Convergence Protocol is an open-source strategy that combines four analytical modules — structural trend, volatility regime, delta pressure, and liquidity/structure break detection — into a multi-pathway entry and exit system. The strategy generates trade signals through five independent entry mechanisms, each requiring alignment between different analytical dimensions, and manages positions with ATR-based stops, dual take-profit levels, and an optional trailing stop that activates after the first target is reached.

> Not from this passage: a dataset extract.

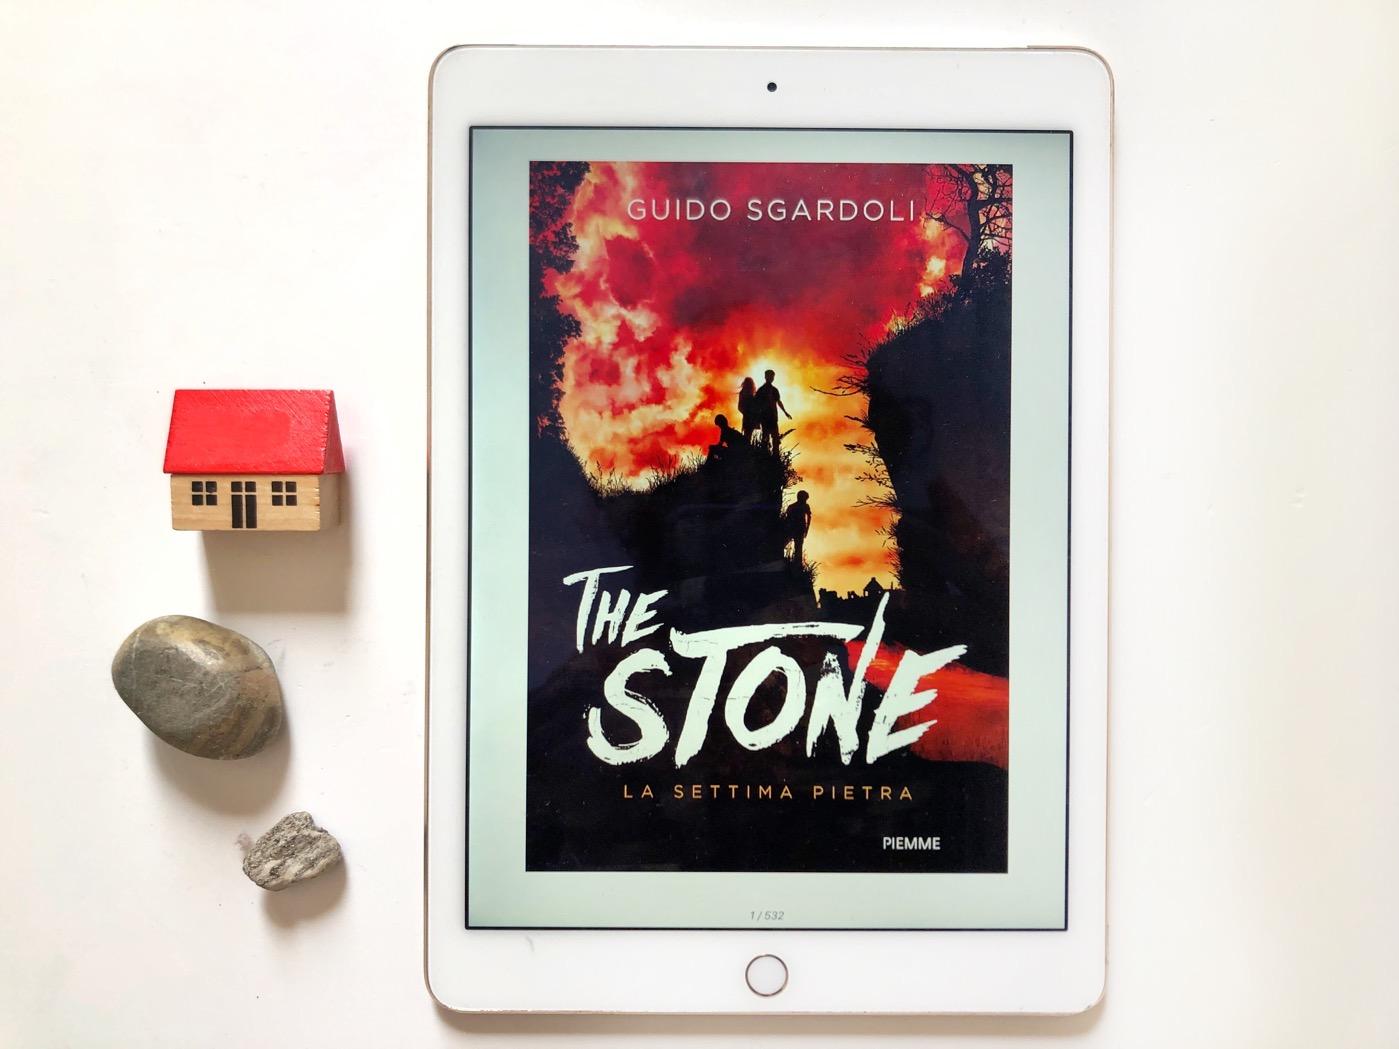 the-stone-guido-sgardoli-piemme

The design rationale for combining these four modules is that each answers a different question about the market. Structure and trend analysis answers: what direction is the market likely to move? Volatility regime answers: does the market have the energy to sustain a directional move? Delta pressure answers: is volume supporting the proposed direction? Liquidity and structure break detection answers: has the market made a meaningful structural commitment that confirms directional intent? No single module alone provides a robust enough basis for a trade. Convergence across multiple modules provides a higher-quality signal set that reduces the frequency of marginal trades while maintaining enough opportunities to be practical.

snapshot

Strategy Properties and Backtesting Settings

Default settings used for publication:
  • Initial Capital: Default TradingView account size
  • Position Size: 5% of equity per trade
  • Commission: 0.04% per side (realistic for most crypto and equity platforms)
  • Slippage: 1 tick
  • Risk Per Trade: 5% of equity maximum (within sustainable limits)
  • Stop Loss: 1.5x ATR from entry
  • TP1: 1.2x risk (50% of position closed)
  • TP2: 2.5x risk (remaining position)
  • Trailing Stop: 1.0x ATR trailing offset, activates after TP1 hit


Backtesting results will vary significantly by instrument and timeframe. This strategy is intended to be evaluated across multiple instruments and market conditions before drawing conclusions. A single backtest run does not constitute evidence of future performance.

Core Modules

Module 1: Structural Trend Engine

The baseline uses a double-smoothed moving average (SMEMA). Swing highs and lows are tracked to classify market structure as bullish (HH+HL), bearish (LH+LL), or neutral. A 0-7 confluence score is assembled from: regime direction, structural alignment, volatility expansion, absence of squeeze, delta pressure, structure break confirmation, and liquidity sweep confirmation. Each module contributes a binary point to the score.

Module 2: Volatility Regime

Short-period ATR is compared to long-period ATR. A ratio above 1.05 with a rising oscillator confirms volatility expansion — the market has enough energy for directional moves. A squeeze condition (fast ATR well below slow ATR and its own moving average) signals that the market is coiling; entries are filtered or blocked depending on settings.

Module 3: Delta Pressure

Bar-by-bar delta (positive on bullish bars, negative on bearish bars) is smoothed into fast and slow EMAs. Their cross and relative position provide a directional bias from the volume perspective.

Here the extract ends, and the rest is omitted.